Szereg czasowy PC1 (ciągła czerwona linia) wykazał znaczący (>99% pewności) dodatni trend (przerywana czerwona linia), zgodnie z antropogenicznym globalnym ociepleniem i odpowiadał za 30% zmienności. Z kolei PC2 (ciągła niebieska linia) wykazał 10% wariancji (rys.140.a).

Okres niskich wartości dla PC2, wyróżniony niebieską przerywaną linią, pojawił się w latach 2007–2012, zbiegając się z szybką utratą lodu.

Przy przesunięciu letnich anomalii grubości 1000-500 hPa na dwie główne składowe PC (rys.140.b,c), widać, że dodatnie wartości wokół większości obszarów na półkuli północnej są związane z PC1, szczególnie nad Arktyką i wschodnimi odcinkami kontynentalnymi półkuli północnej, zgodnie z zaobserwowanymi dodatnimi trendami na wysokościach geopotencjalnych 500 hPa w okresie letnim nad całym terytorium.

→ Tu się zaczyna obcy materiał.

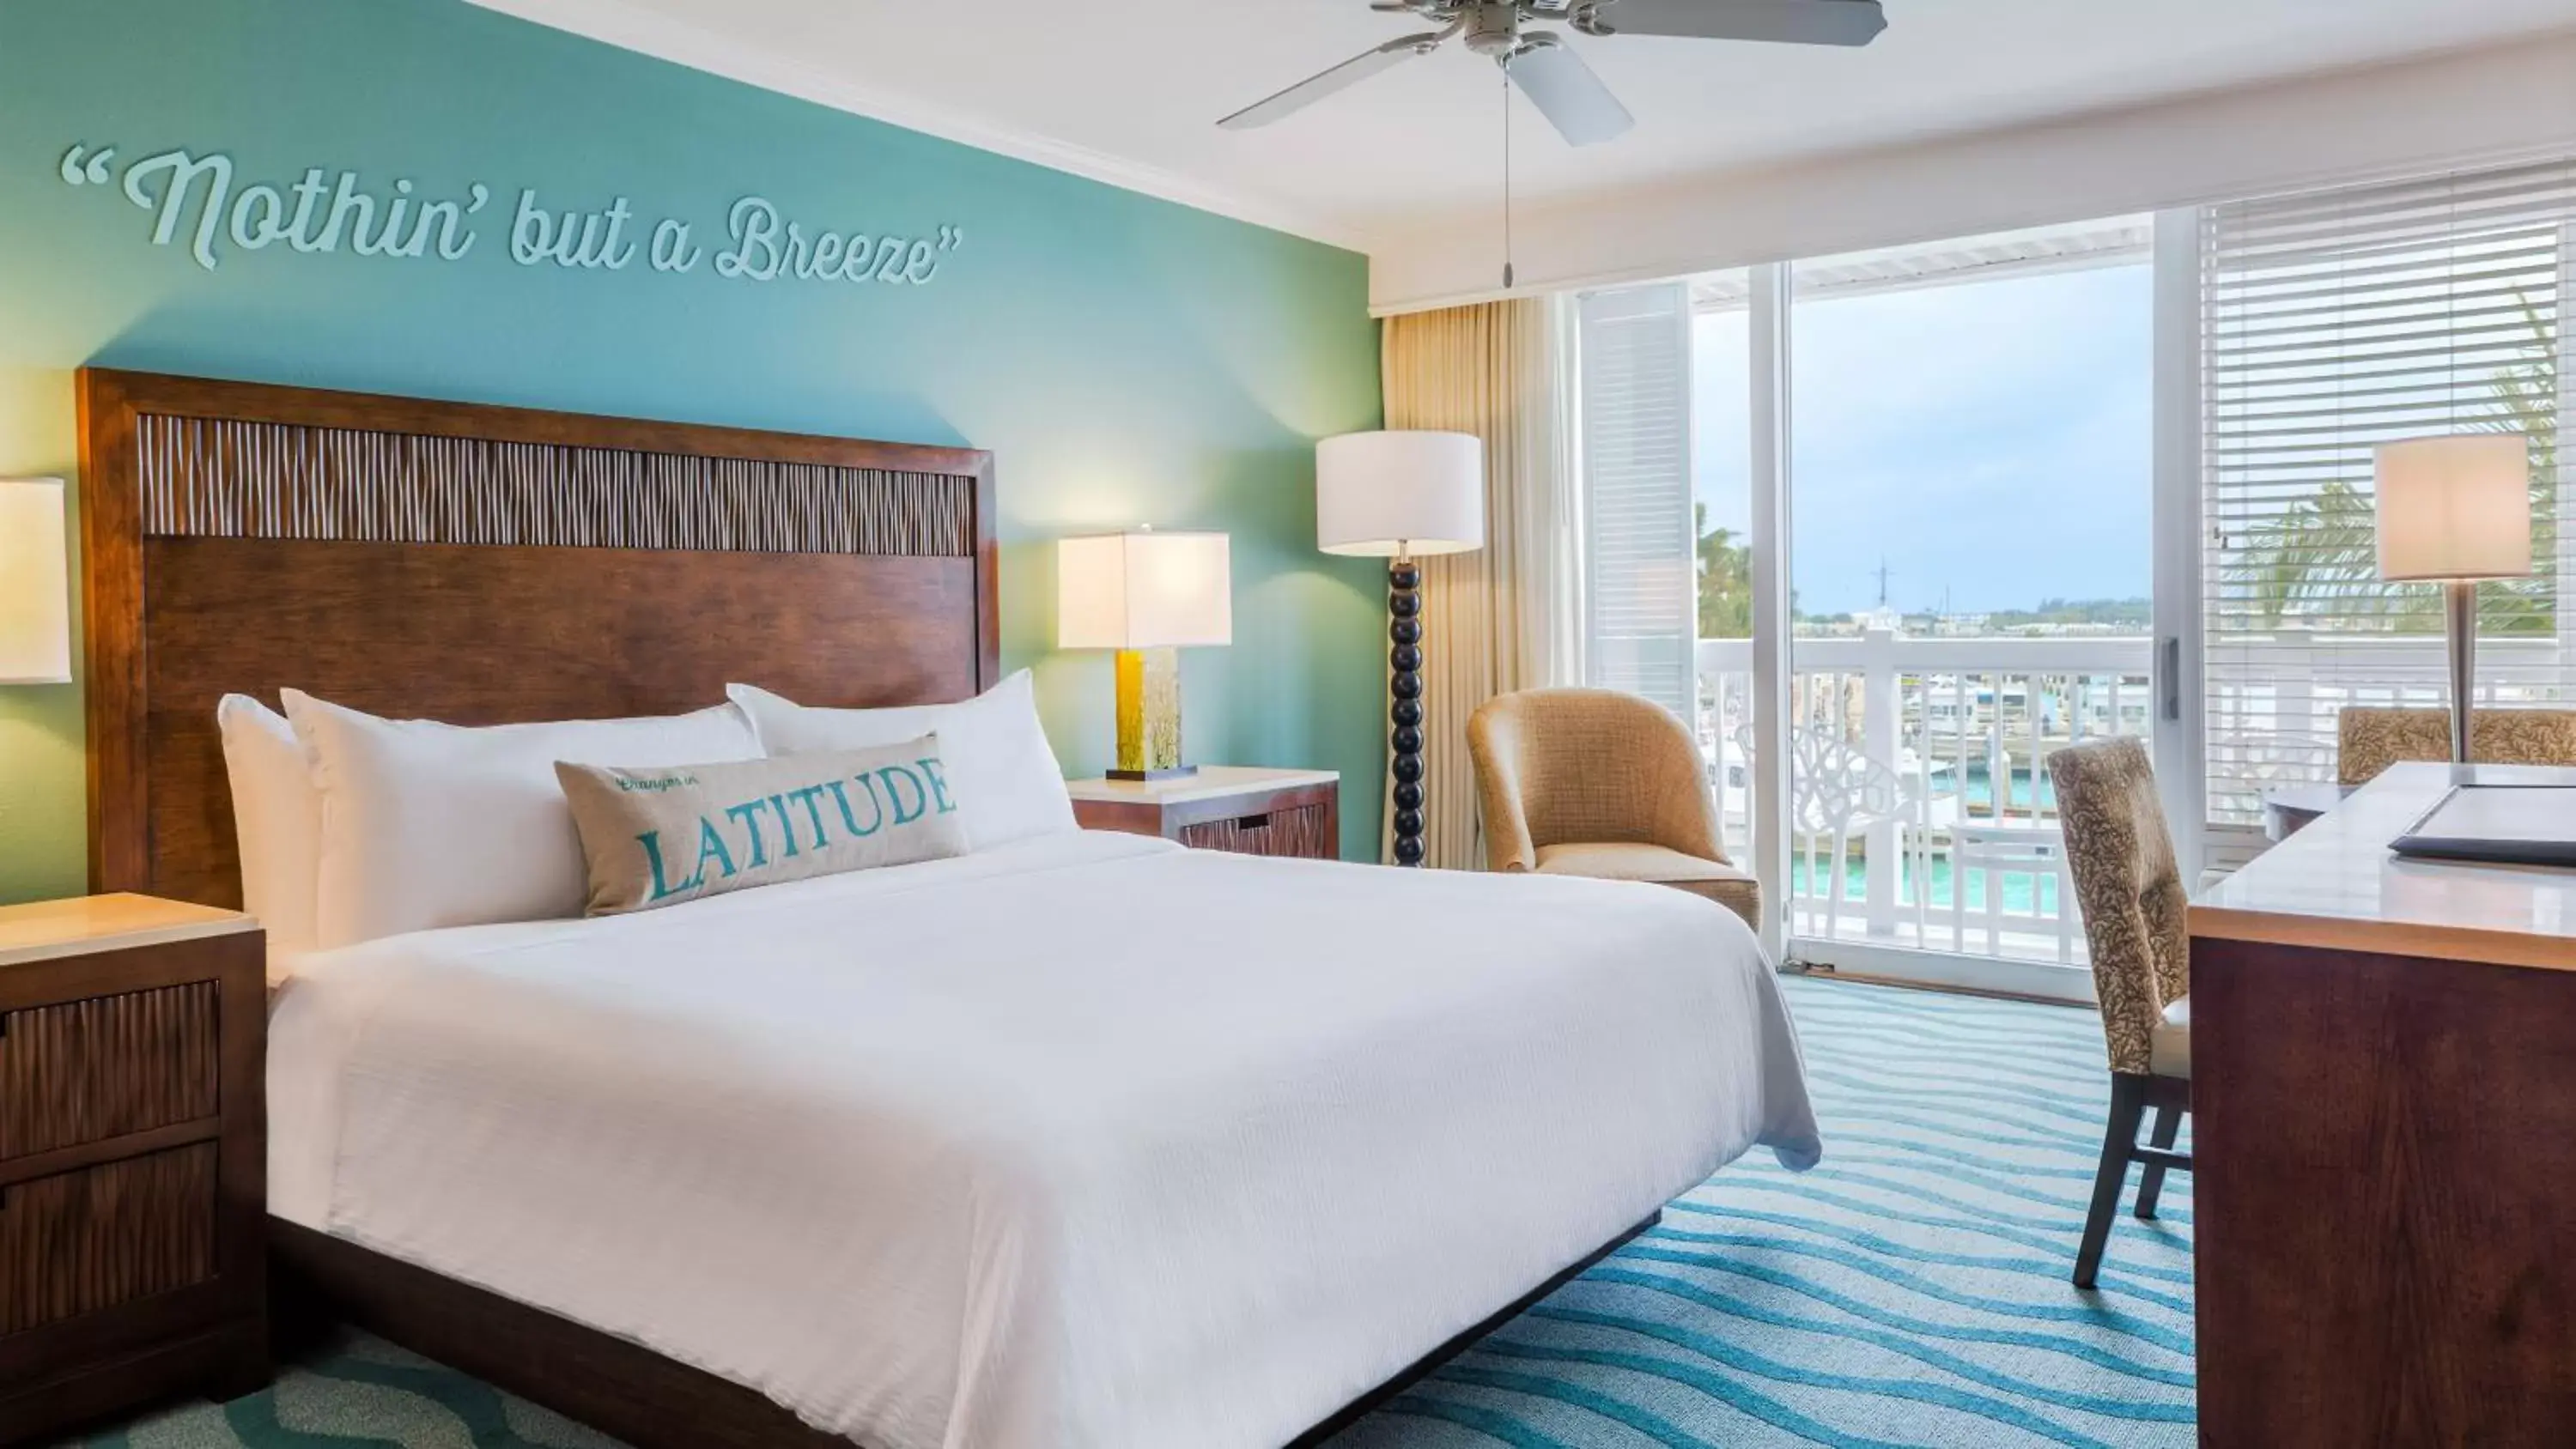 Bedroom in Opal Key Resort & Marina

Następnie Francis i Wu połączyli obliczenie SLP dla ostatnich sierpni z dodatnimi i ujemnymi wartościami PC2. I zaobserwowali, że gdy PC2 jest dodatnia, SLP nad Arktyką wykazuje wyraźną anomalię ujemną wraz z anomalią dodatnią nad północno-centralną Eurazją.

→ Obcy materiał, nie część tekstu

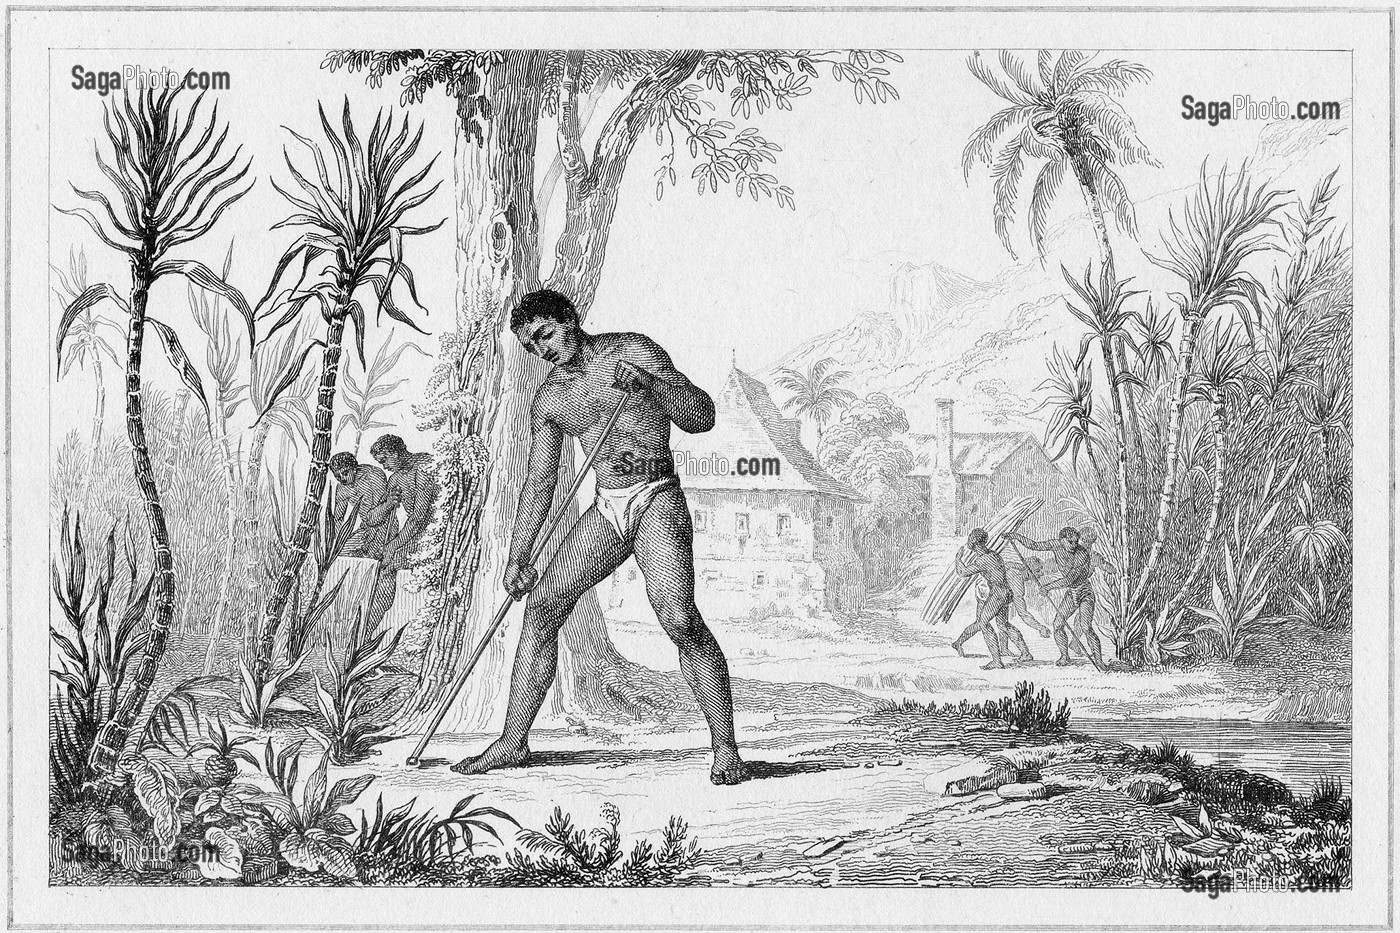 INDIGENES CULTIVANT LA CANNE A SUCRE A TAHITI GRAVEE PAR CHOLLET D'APRES DANVIN, 1836, MENTION OBLIGATOIRE : COLLECTION SAINT-JAMES

Naukowcy w swoim artykule opisali ten proces tak:

Warunki te sprzyjają zachmurzeniu nad Arktyką, które mają tendencję do obniżania temperatury powietrza i topnienia lodu morskiego, podczas gdy związane z nimi anomalne cykloniczne wiatry uniemożliwiają transport lodu z Cieśniny Fram i mieszanie się wody morskiej nad Oceanem Arktycznym. Połączenie tych czynników spowalnia tempo zmniejszania się lodu morskiego, które by prowadziło do rekordowego minimalnego rocznego zasięgu we wrześniu.

 


Rys.3.  (a) Złożone anomalie ciśnienia nad poziomem morza (SLP – Sea-Level Pressure) mierzonego w hektopaskalach (hPa) w sierpniu w okresie letnim od 2005 roku z dodatnimi wartościami komputera PC2 (2006, 2013, 2016, 2017, 2018), (b) jak w (a) także dla lat z ujemnymi wartościami PC2 (2007, 2008, 2009, 2011, 2012, 2015, 2019).

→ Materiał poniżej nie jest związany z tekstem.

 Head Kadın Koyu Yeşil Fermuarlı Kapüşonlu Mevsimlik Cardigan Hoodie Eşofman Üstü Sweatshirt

(Jennifer Francis i inni, 2020)


Rys.4.  (a) Złożone anomalie ciśnienia nad poziomem morza (SLP – Sea-Level Pressure) mierzonego w hektopaskalach (hPa) w sierpniu w okresie letnim od 2005 roku z dodatnimi wartościami komputera PC2 (2006, 2013, 2016, 2017, 2018), (b) jak w (a) także dla lat z ujemnymi wartościami PC2 (2007, 2008, 2009, 2011, 2012, 2015, 2019).

(Jennifer Francis i inni, 2020)


Tymczasem kopuła anomalnie wysokiego ciśnienia w całej Eurazji sprzyja stagnacji mas powietrza i opadającym pionowym ruchom, z których oba zjawiska przyczyniają się do powstawania fal upałów.

Natomiast w okresie letnim zdominowanym przez ujemne wartości PC2 (rys.141b), sierpniowe anomalie SLP znacznie się różnią. Nad Arktyką układ dipolowy wysokiego ciśnienia w zachodniej Arktyce wraz z anomalnie niskim ciśnieniem nad środkową Syberią powoduje anomalny przepływ wiatru, który sprzyja silnemu wirowi Beauforta, eksportowi lodu na Północny Atlantyk i anomalnie ciepłemu powietrzu nad Oceanem Arktycznym, przyczyniającemu się do ogólnego zmniejszenia zasięgu lodu morskiego. Niektóre z najniższych zasięgów lodu we wrześniu wystąpiły w tym okresie niskich wartości PC2. [rys.132].

Należy wziąć też to pod uwagę, że chociaż morska pokrywa lodowa w całej Arktyce nie zmniejszyła się tak znacząco (za wyjątkiem 2020 r., gdy padł drugi rekord w historii pomiarów wynoszący 3,74 mln km2) jak we wrześniu 2012 roku przy 3,41 mln km2, ale zawiera dziś mniej lodu wieloletniego i więcej rocznego niż w tamtym czasie.

W sumie w wielu przeprowadzonych badaniach, na temat lodu arktycznego, naukowcy są zgodni, że zachmurzenie nieba arktycznego, zwłaszcza chmur niskich, także sprzyja zwiększeniu odbijania się promieni słonecznych od jasnych ich powierzchni z powrotem w przestrzeń kosmiczną (zwiększenie albedo chmur). A przez miesiące letnie zaleganie dość częstych ośrodków niżowych, sprzyja dość częstym lokalnym opadom śniegu, choć w sezonie letnim, gdy panują bardzo wysokie temperatury w Arktyce, także opadom deszczu. Dzięki czemu topnienie lodu morskiego od 2012 roku nie jest tak szybkie jak chociażby w pierwszej dekadzie XXI wieku, gdy zalegały na dłużej układy wyżowe, dawniej charakterystyczne dla Arktyki.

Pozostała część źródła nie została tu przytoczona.